# History of Utah Fishing



## joshmobile (Oct 12, 2010)

From dynamite to fishing with corn the rules and regulation of fishing in Utah have changed a lot since 1853. I searched out all the years laws and proclamations and put them in one article with a bunch of fishing history thrown in. Please give it a read and let me know what you think.

https://junesucker.com/history-of-utah-fishing-regulations/


----------



## 2full (Apr 8, 2010)

Very interesting for sure. Read thru parts of it. Will read more as I can. 
Thanks.


----------



## nocturnalenemy (Jun 26, 2011)

Very cool summary.

Found this one particularly interesting:

"1967 – New state record kokanee slamon is caught at Utah Lake weighing 4 pounds by Leo Park."

I had no idea there were kokes in Utah Lake.


----------



## PBH (Nov 7, 2007)

nocturnalenemy said:


> I had no idea there were kokes in Utah Lake.

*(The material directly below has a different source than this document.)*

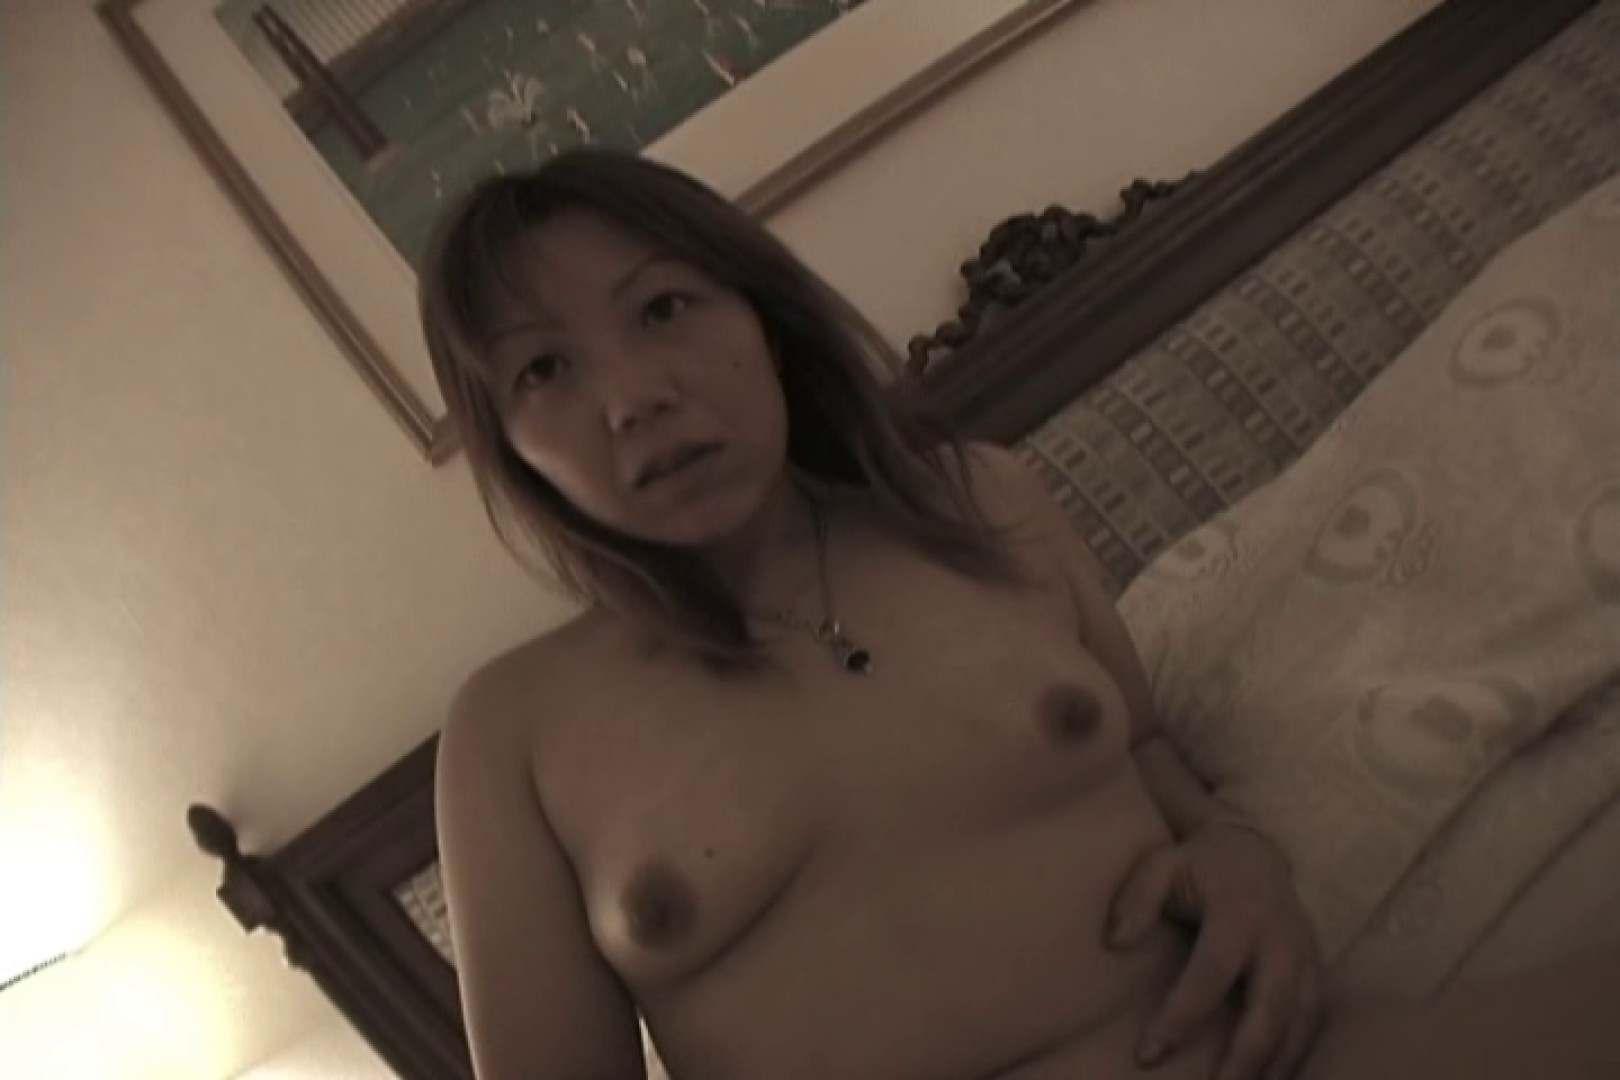 ツンデレ素人嬢もチンポには弱い~増田あけみ~ 素人丸裸  99pic 68

I'm pretty sure that everything has been tried in Utah Lake.


----------



## Critter (Mar 20, 2010)

It surprised me that they have been having problems with carp ever since they were planted into Utah Lake.


----------



## johnrr65 (Nov 7, 2019)

Cool


----------



## Vanilla (Dec 11, 2009)

This looks really interesting. A lot of information and history here. Thanks for sharing!


----------



## shaner (Nov 30, 2007)

Back in the day some salmon were tried in the Jordan River.


----------



## wyogoob (Sep 7, 2007)

joshmobile said:


> From dynamite to fishing with corn the rules and regulation of fishing in Utah have changed a lot since 1853. I searched out all the years laws and proclamations and put them in one article with a bunch of fishing history thrown in. Please give it a read and let me know what you think.
> 
> https://junesucker.com/history-of-utah-fishing-regulations/


 Thanks for sharing and welcome to the Forum!
.


----------



## DallanC (Jan 13, 2009)

Personally the coolest transplant attempt was whales in the Great Salt Lake. They figured the whales breath air and could filter feed the brine shrimp. Didnt really think out processing the high salt content water for water needs very well though.


-DallanC


----------



## nocturnalenemy (Jun 26, 2011)

DallanC said:


> Personally the coolest transplant attempt was whales in the Great Salt Lake. They figured the whales breath air and could filter feed the brine shrimp. Didnt really think out processing the high salt content water for water needs very well though.
> 
> -DallanC


Meateater recently covered this on their Fact Checker segment:
https://www.themeateater.com/conser...r-were-whales-released-in-the-great-salt-lake

Sent from my Pixel 3 using Tapatalk


----------



## Wildlifepark (Feb 25, 2018)

Thanks for sharing this info. It's very interesting. :smile:


----------



## Moose_2020 (Jun 26, 2020)

Thanks for the info. You learn something every day....if you'rs paying attention!


----------